Interpretation #1: I still wasn't over Lana completely and only broke up with her because I loved her too much to hurt her any further. When I witnessed how quickly she had moved on and the fact it was with one of my assumed closest friends, I couldn't help but wish I was still with her. This interpretation was false on all counts but possibly the best way anyone else could see it as. This way, Lex didn't look at me weirdly. On the other hand, he could become angry with me, thinking I might steal Lana away from him and what not. Let me repeat: this interpretation was false on all counts.
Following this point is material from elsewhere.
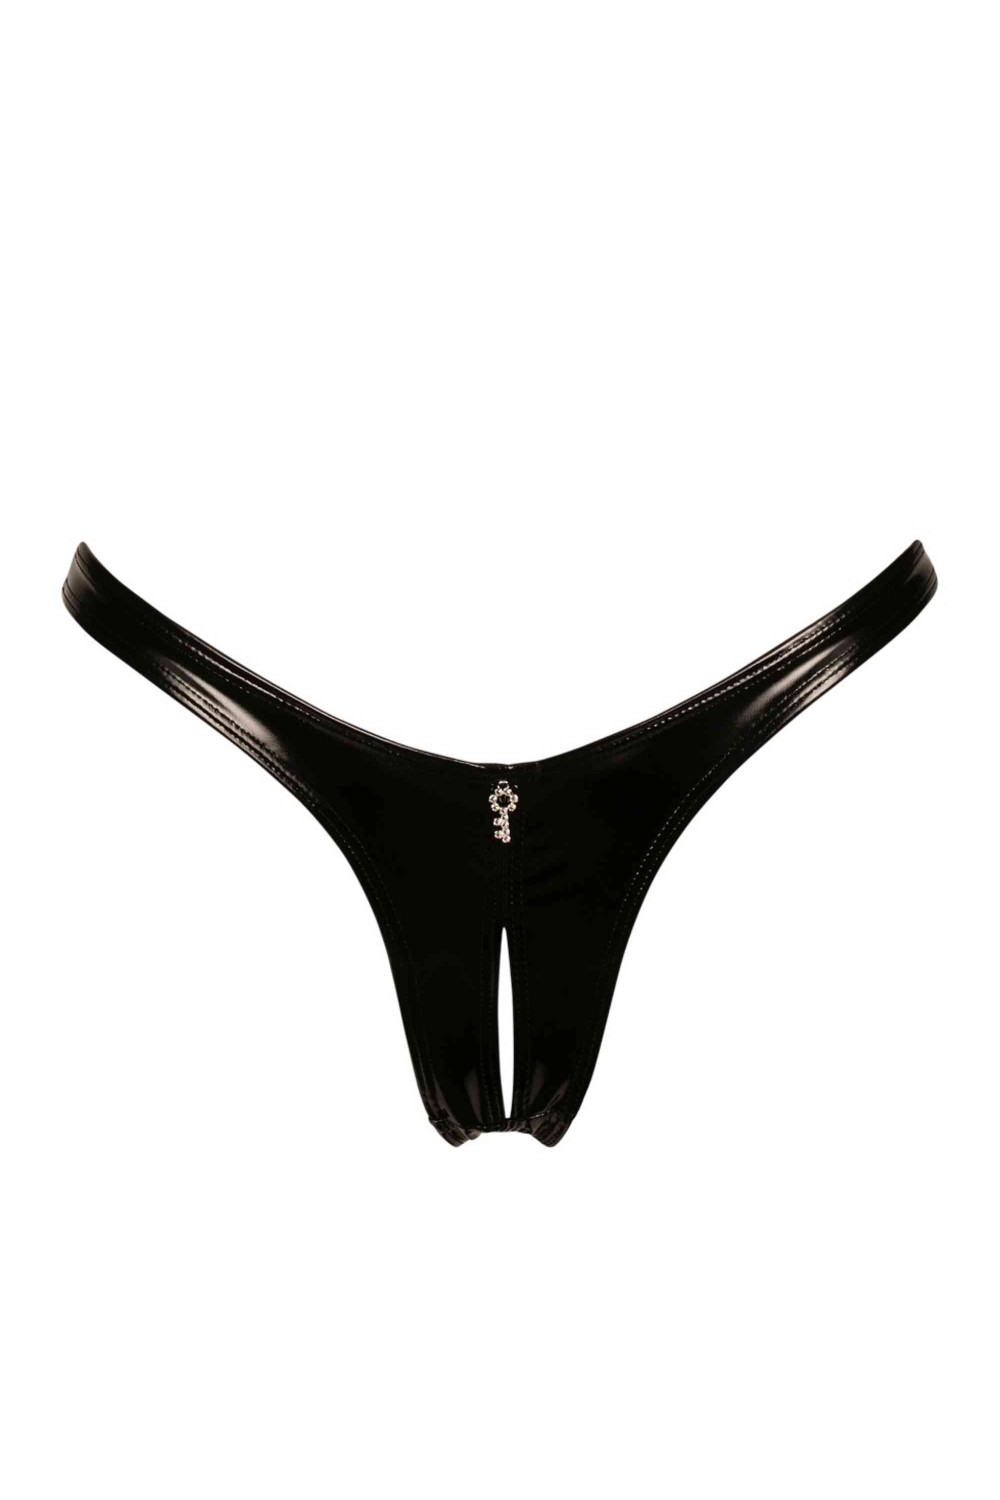 Sexy Lingerie Black PVC Shorts Cut Out Zipper Crotch Open Thong Hot Pants

Interpretation #2: I had fallen in love with Lex over the year and always been a little jealous of his girlfriend, etc. But I always had Lana there and never thought much of it. But after the breakup with Lana and witnessing her kissing Lex, all my fantasies about Lex came abrupting to the surface. This interpretation was one hundred percent correct. If people saw it this way, however, Lex might feel different about our friendship, and other people would feel differently about me completely. In no way could I win.

"Lana..." The question was though, do I go with a fictional version and have Lana hate me, or the truth and have Lana...still hate me. "It's not like that."

"Then what is it like Clark?" She was walking towards me and then kneeling next to me. There was no way she was going to let this go. I was at a loss for words. What were you supposed to tell someone in this situation? And then, like a saving grace, my cell phone rang. I exhaled slowly, as to not show how thankful I was for this call. She stood up and walked over to the steps, rubbing her hand on her forehead. I quickly reached for the phone and smiled at the name 'LOIS' written across it in big black letters. Of course she informed me of how things were with my mom, etc. It was a good thing Lois could talk the ears off an elephant because Lana began to get annoyed and I could tell she was about to leave. I hung up the phone and she just stared at me with pleading eyes. "We can talk later, I have to be somewhere."

Without even waiting for a reply from me she took off down the steps. I went to the window to watch her leave. I never felt so isolated in my entire life. No matter how different I was and how I thought I was going to be alone forever, those feelings didn't come close to being as bad as they were now. The fact that no one was around to console me hurt even more. And then, Lex came.